French Somaliland ( ) was a French colony in the Horn of Africa. It existed between 1884 and 1967, at which time it became the French Territory of the Afars and the Issas. The Republic of Djibouti is its legal successor state.

History
French Somaliland was formally established in 1896 after the Issa and Afar each signed a treaty with the French, but iterations of what will eventually become French Somaliland existed for few decades prior to the official formation.

On March 11, 1862, a treaty signed by Afar Sultan Raieta Dini Ahmet in Paris ceded the territory of Obock for 10,000 thalaris, around 55,000 francs. Later on, that treaty was used by Captain Alphonse Fleuriot de Langle to colonize the south of the Bay of Tadjoura. On March 26, 1885 the French signed another treaty with the Issa making the latter a protectorate under the French.

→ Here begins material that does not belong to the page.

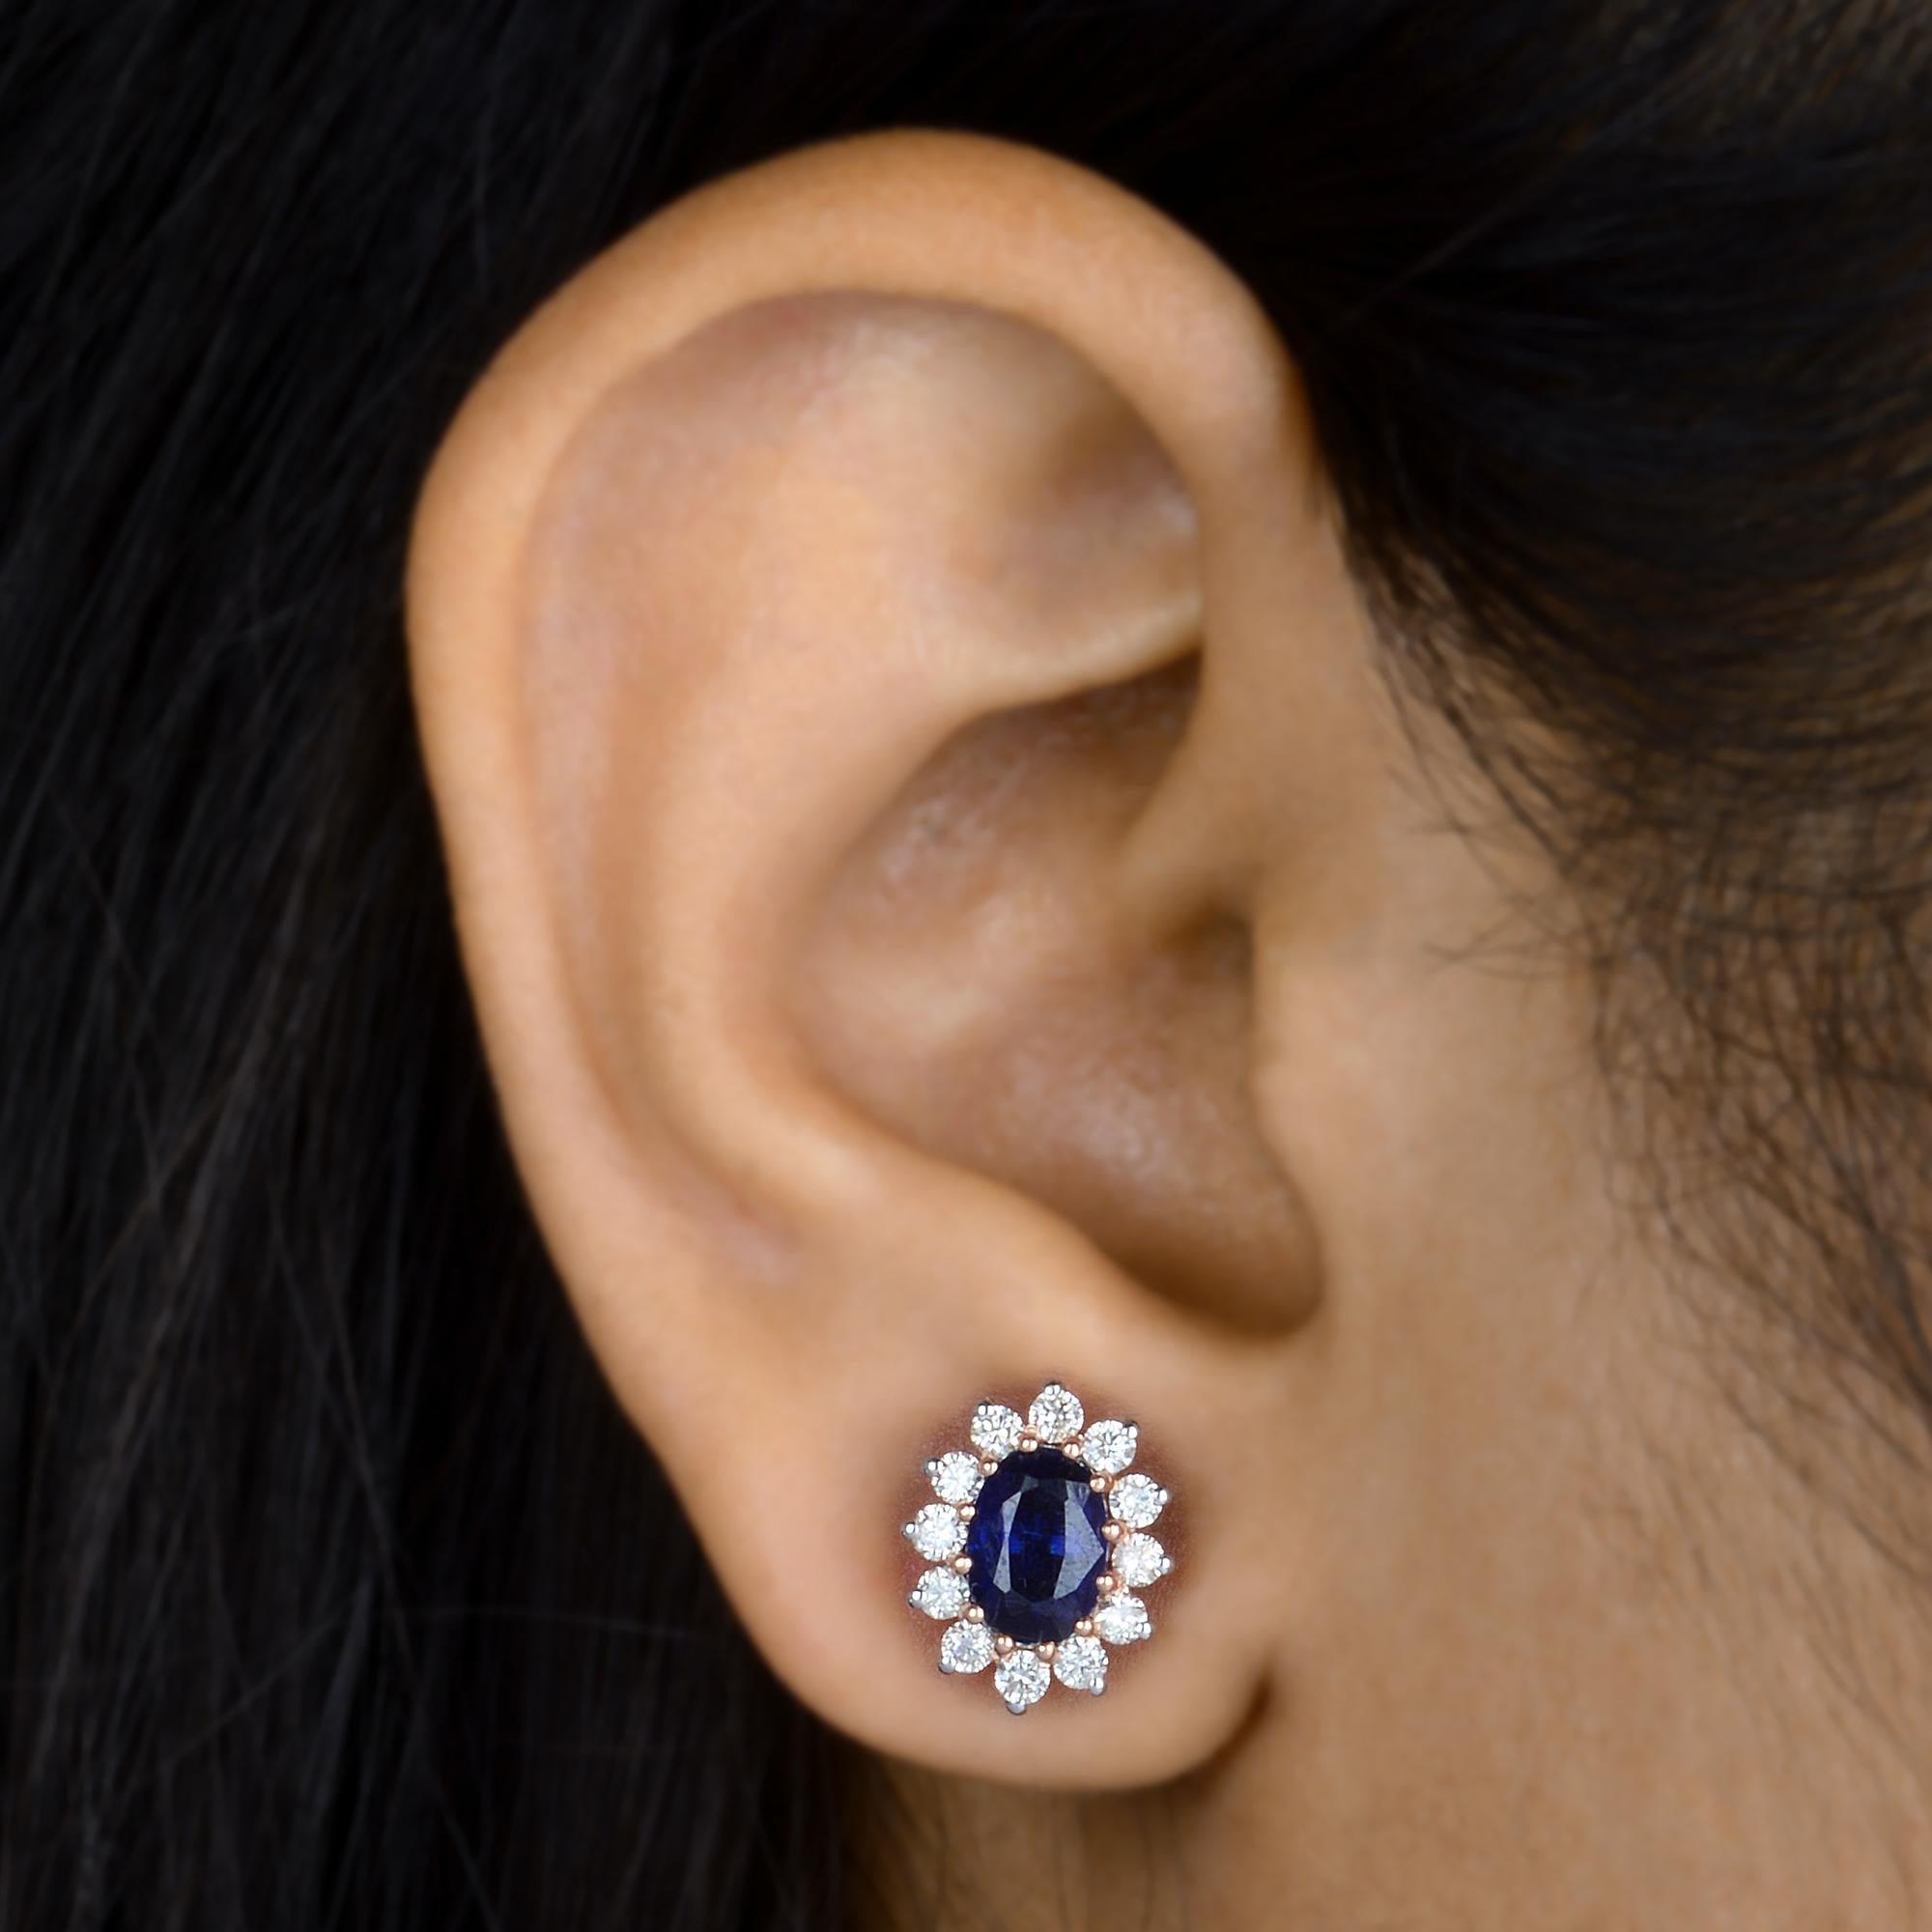 Oval Cut Oval Kyanite Gemstone Stud Earrings Diamond Solid 10k Rose Gold Fine Jewelry For Sale

No money changed hands and the Somalis did not sign away any of their land rights; the agreement was meant to protect their land from outsiders with the help of the French. However, after the French sailors of the Le Pingouin vessel were mysteriously killed in Ambado in 1886, the French first blamed the British, then the Somalis, using the incident to lay claim to the entire southern territory.

An attempt by Russian adventurer Nikolay Ivanovitch Achinov to establish a settlement at Sagallo in 1889 was promptly thwarted by French forces after just one month.

The construction of the Imperial Ethiopian Railway west into Ethiopia turned the port of Djibouti into a boomtown of 15,000 at a time when Harar was the only city in Ethiopia with a greater population. Although the city's population fell after the completion of the line to Dire Dawa and the bankruptcy (and subsequent government bail-out) of the original company, the rail link allowed Djibouti to quickly overtake the caravan-based trade out of Zeila (then in British Somaliland) and become the premier port for coffee and other goods leaving southern Ethiopia and the Ogaden through Harar.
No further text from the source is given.